LacMaterial: Large Language Models as Analogical Chemists for Materials Discovery
Hongyu Guo

TL;DR
This paper demonstrates that large language models can serve as analogical chemists, generating novel materials by leveraging cross-domain and in-domain analogies, thus advancing materials discovery beyond traditional methods.
Contribution
The study introduces novel methods for using LLMs to perform analogy-driven reasoning in materials science, enabling the generation of innovative battery materials beyond conventional approaches.
Findings
LLMs can retrieve cross-domain analogs to guide materials exploration.
LLMs outperform standard prompting in generating novel candidate materials.
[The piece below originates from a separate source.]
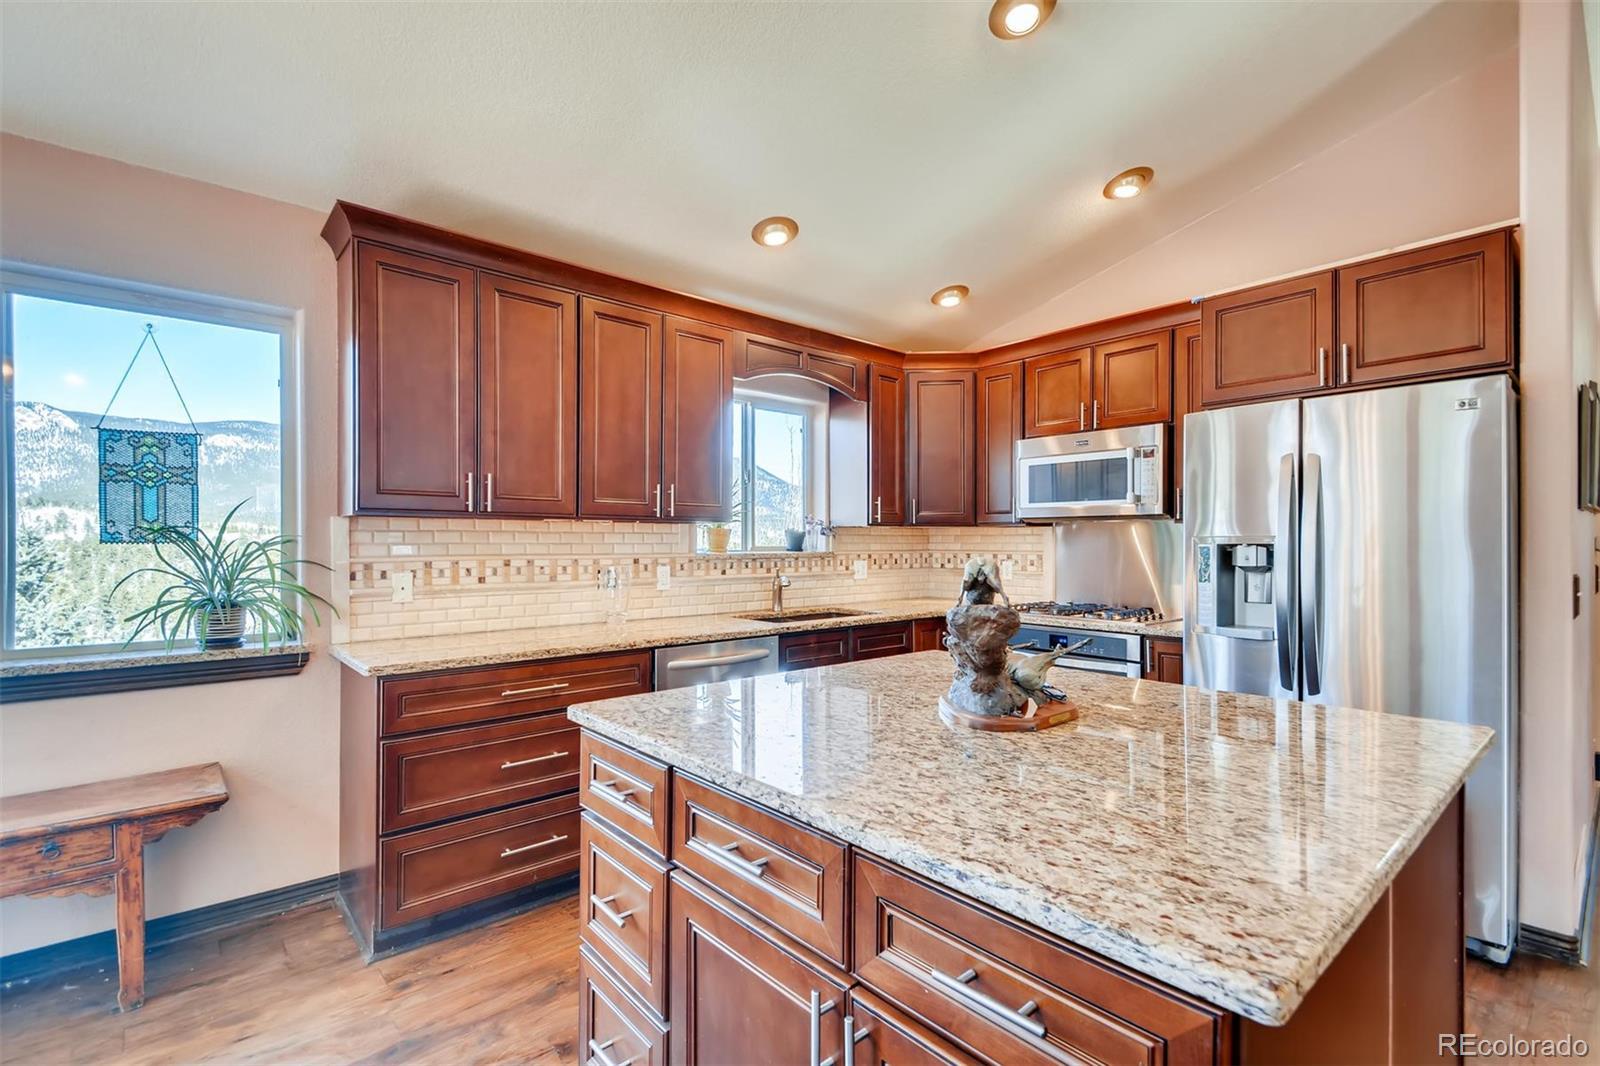 MLS# 8127847 - 3 - 515 Gold Flake Terrace, Bailey, CO 80421

Analogical reasoning with LLMs leads to candidates outside traditional compositional spaces.
Abstract
Analogical reasoning, the transfer of relational structures across contexts (e.g., planet is to sun as electron is to nucleus), is fundamental to scientific discovery. Yet human insight is often constrained by domain expertise and surface-level biases, limiting access to deeper, structure-driven analogies both within and across disciplines. Large language models (LLMs), trained on vast cross-domain data, present a promising yet underexplored tool for analogical reasoning in science. Here, we demonstrate that LLMs can generate novel battery materials by (1) retrieving cross-domain analogs and analogy-guided exemplars to steer exploration beyond conventional dopant substitutions, and (2) constructing in-domain analogical templates from few labeled examples to guide targeted exploitation. These explicit analogical reasoning strategies yield candidates outside established compositional…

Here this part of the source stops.